Raw data:
——————————

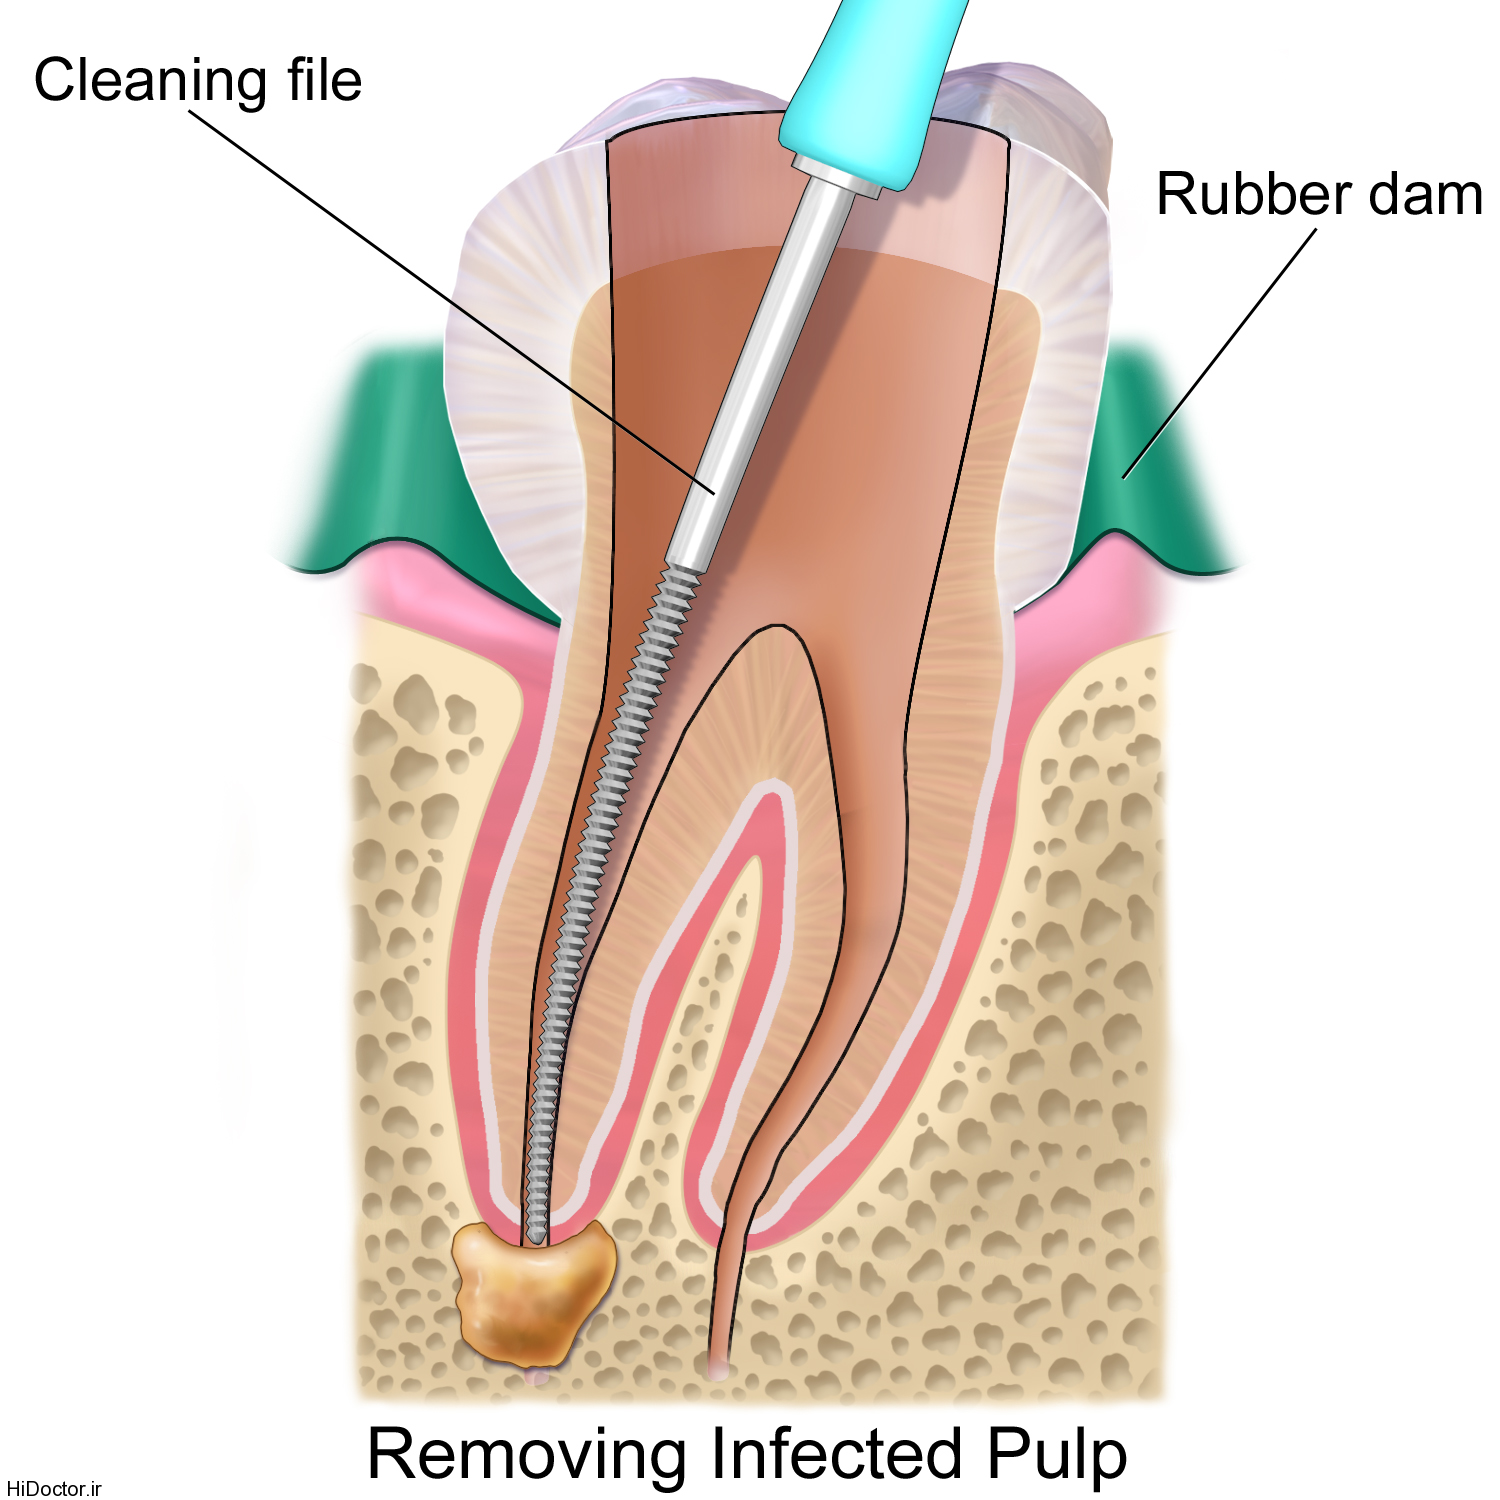 Blausen 0774 RootCanal اطلاعاتی راجع به عصب کشی دندان
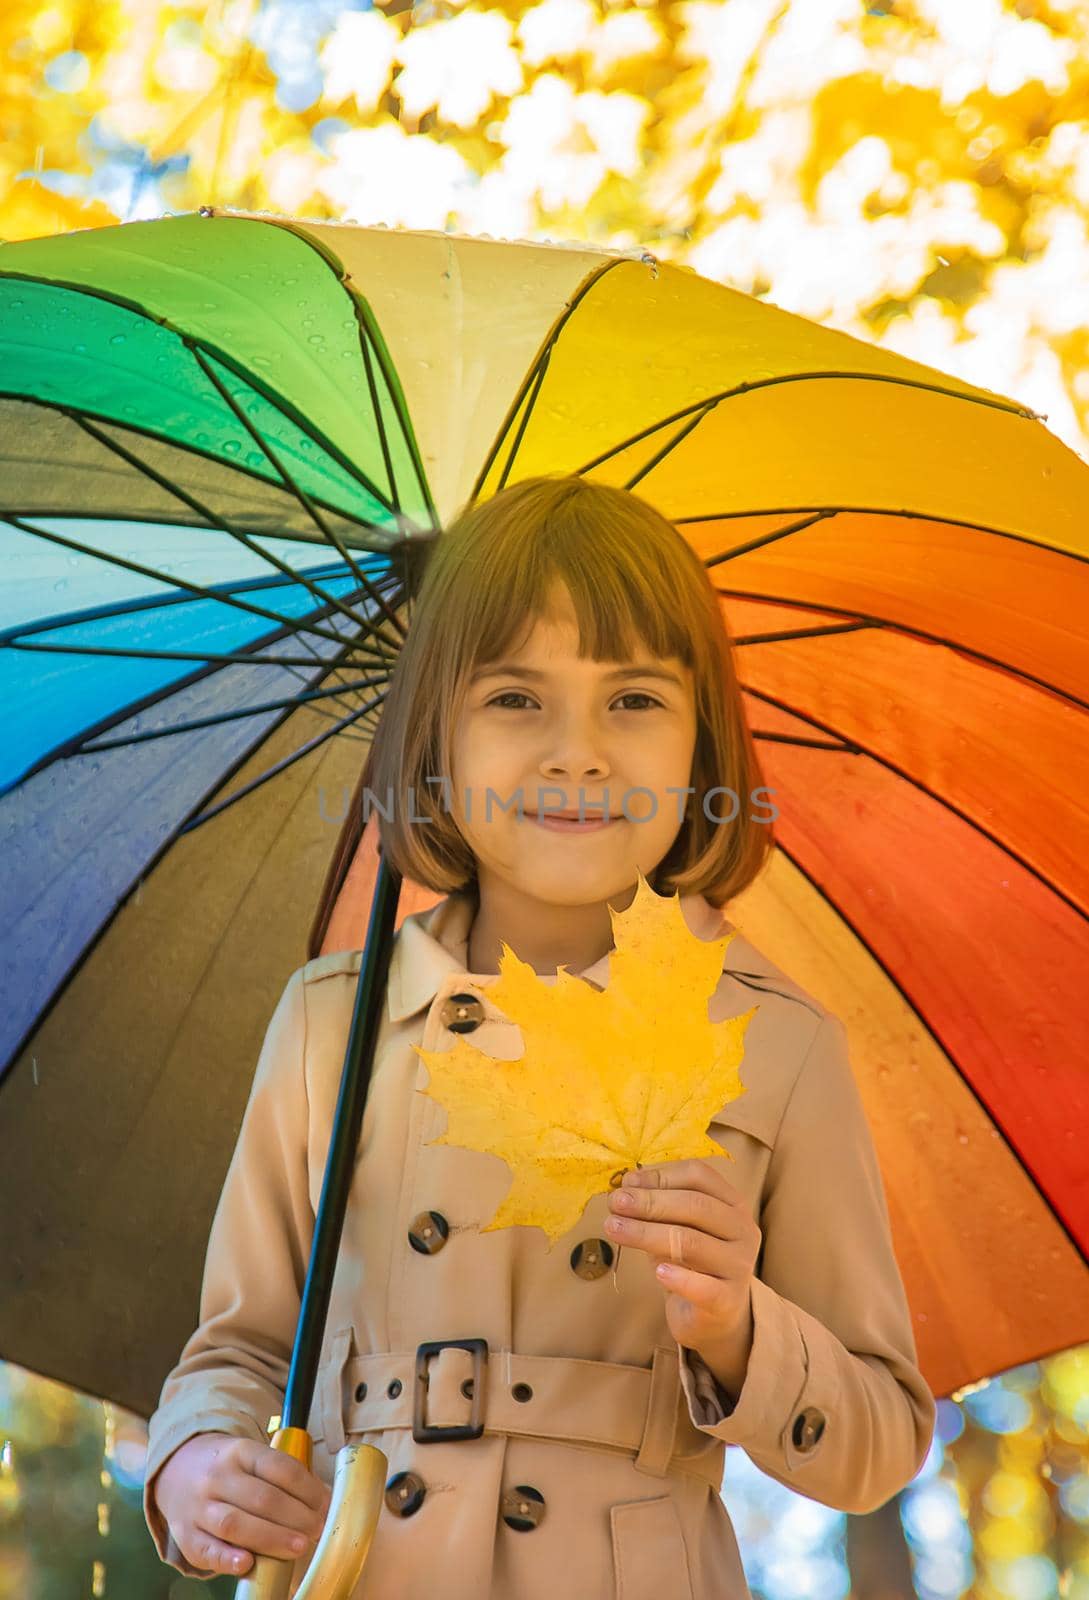 Child under an umbrella in the autumn park. Selective focus.
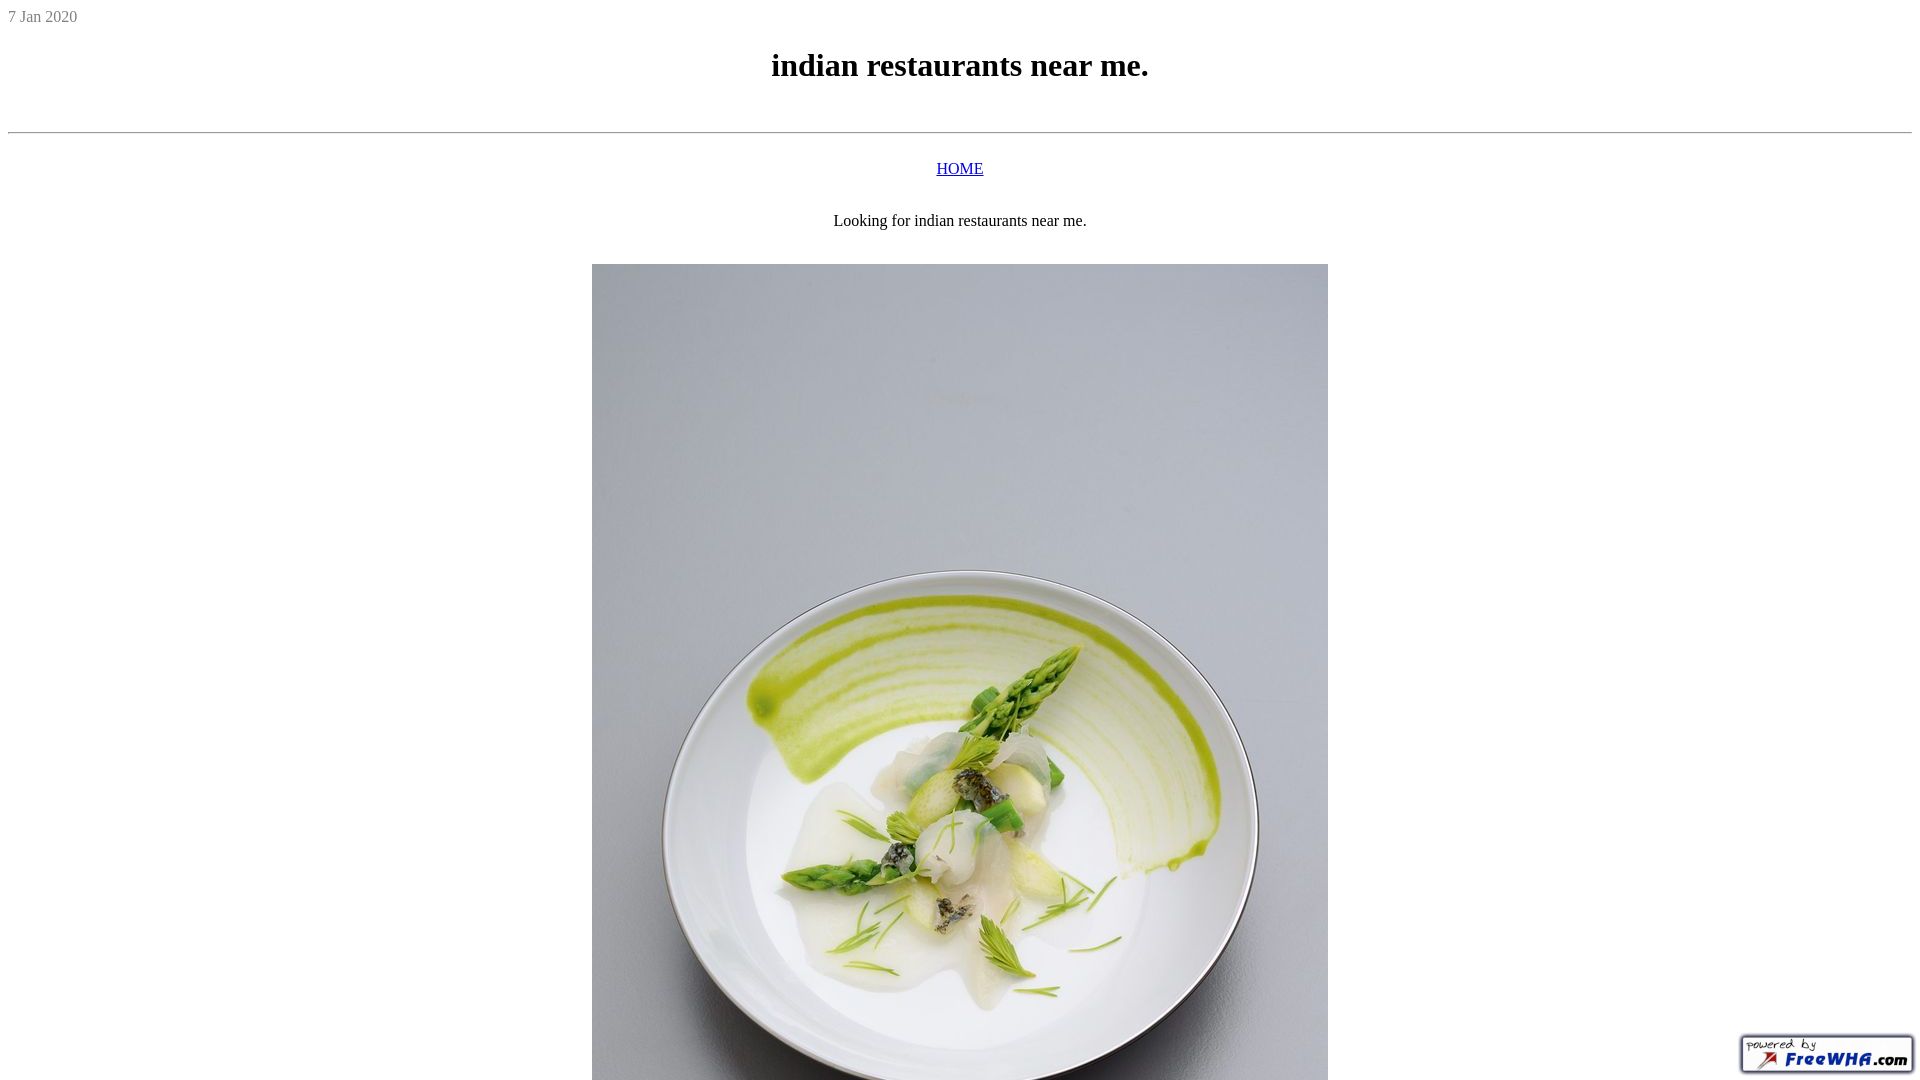 Estado web indianrestaurantsnearme.ueuo.com está   ONLINE

——————————

Aim of the exercise:
At the line containing "Child under an", start reproducing exactly, and stop after the last line of the listing; include both ends, and leave the pictures out.

Response to the exercise:
 Child under an umbrella in the autumn park. Selective focus.
 Estado web indianrestaurantsnearme.ueuo.com está   ONLINE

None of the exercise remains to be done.